## RECORDED INFORMATION
*-*-*

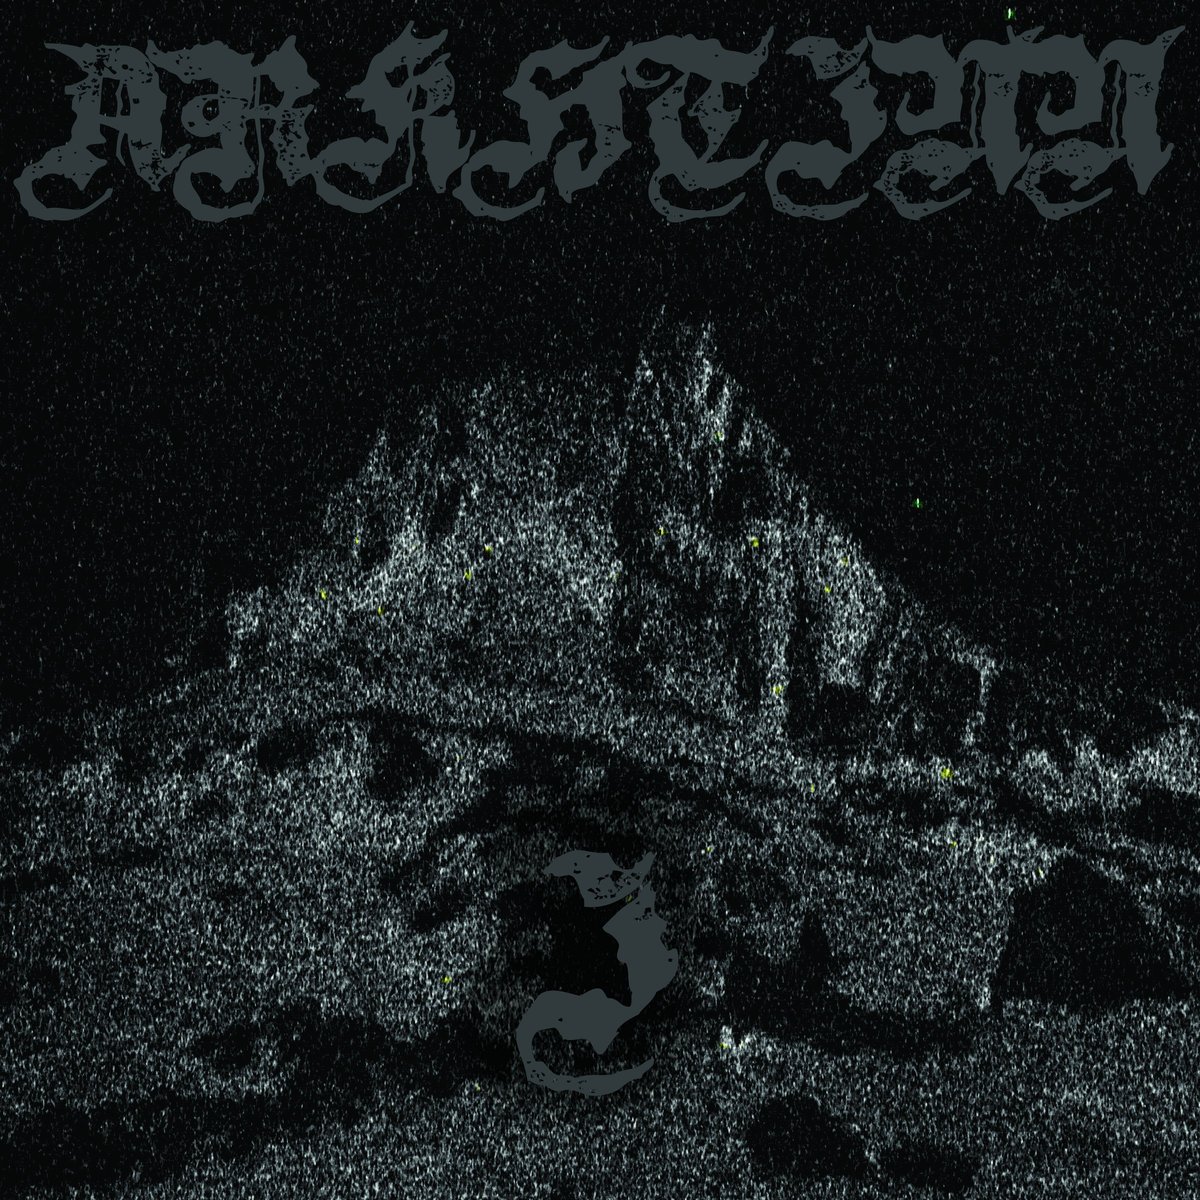 Fallen flac. Ambient Black Metal обложка альбома с птицами. Space Black Metal. Ambient Black Metal France.
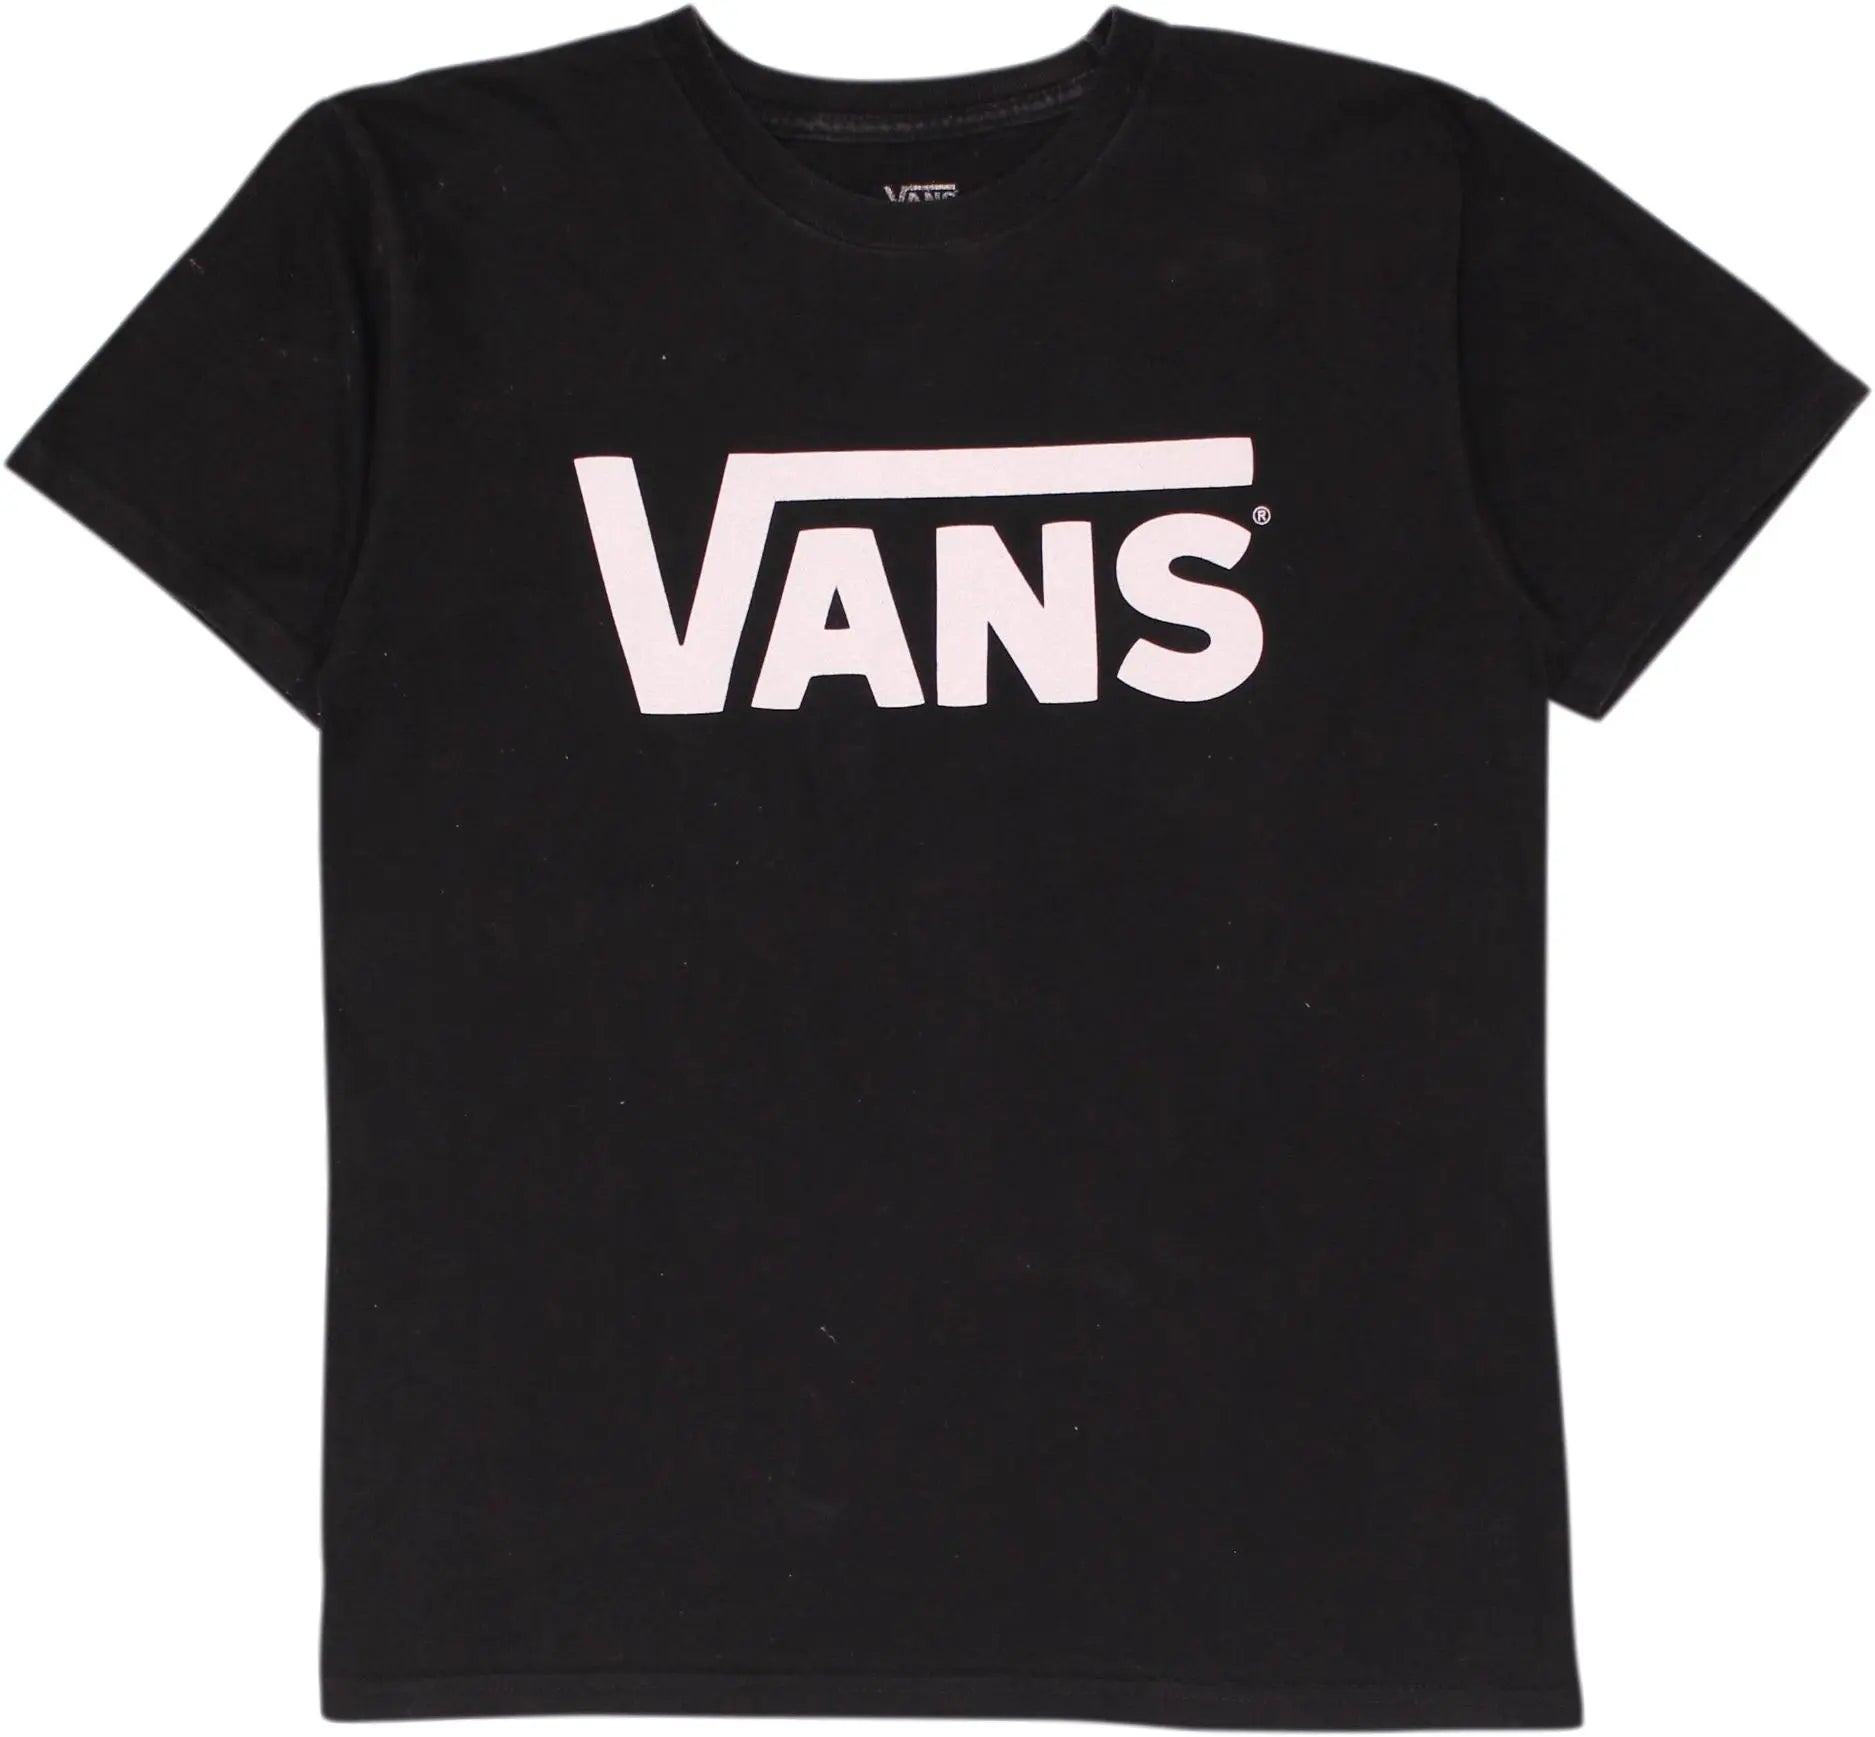 Vans - Vans T-Shirt- ThriftTale.com - Vintage and second handclothing
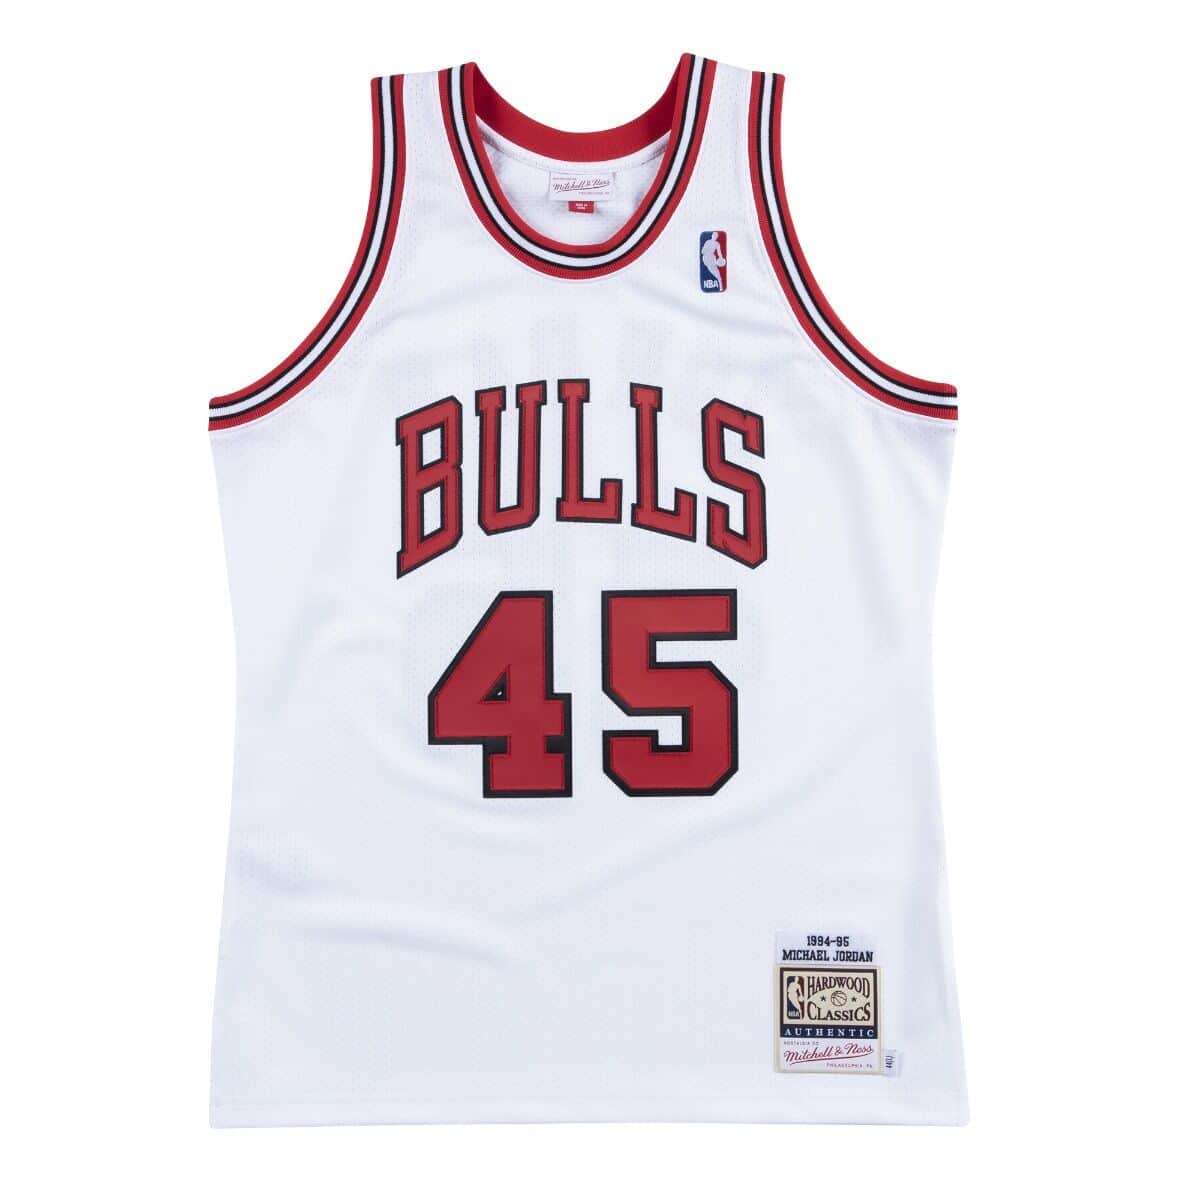 Off-White Nike Jordan The End Chicago Bulls Authentic NBA Tribute
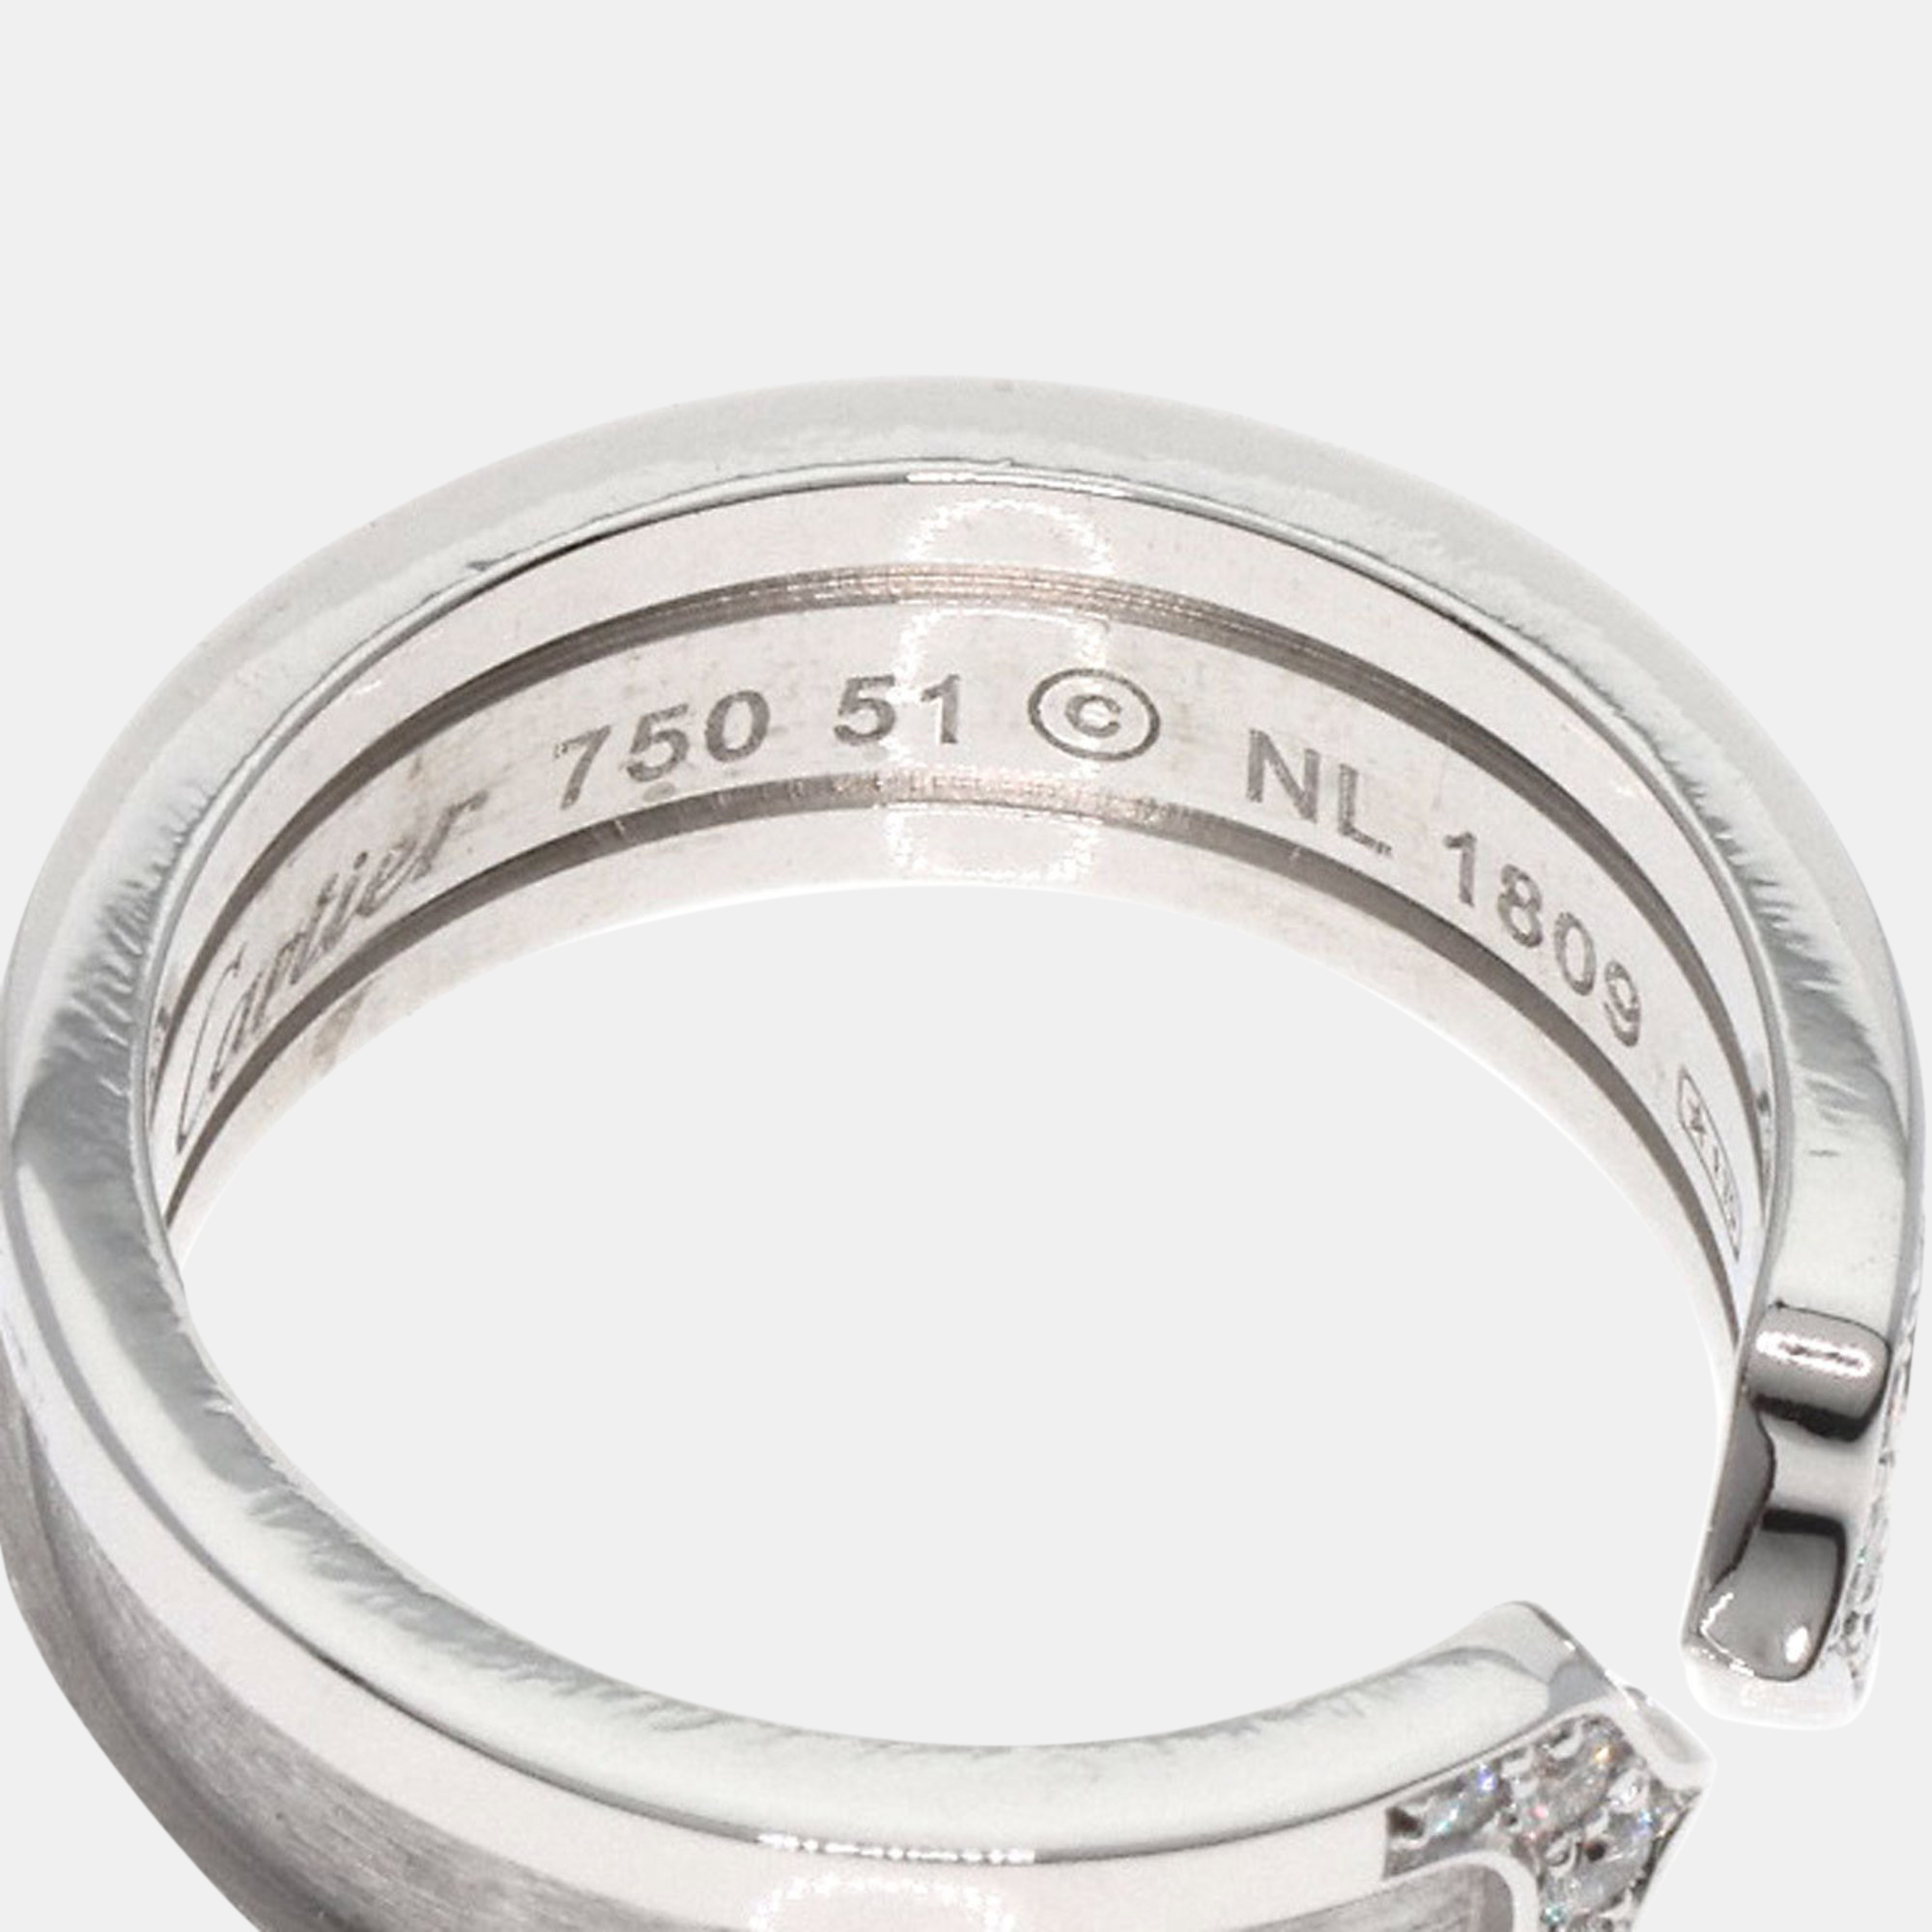 Cartier 18K White Gold And Diamond C De Cartier Band Ring EU 51

*-*-*

Give the listing above again in its entirety and exactly; do not include the pictures.

## SOLUTION TO THIS EXERCISE
 Fallen flac. Ambient Black Metal обложка альбома с птицами. Space Black Metal. Ambient Black Metal France.
 Vans - Vans T-Shirt- ThriftTale.com - Vintage and second handclothing
 Off-White Nike Jordan The End Chicago Bulls Authentic NBA Tribute
 Cartier 18K White Gold And Diamond C De Cartier Band Ring EU 51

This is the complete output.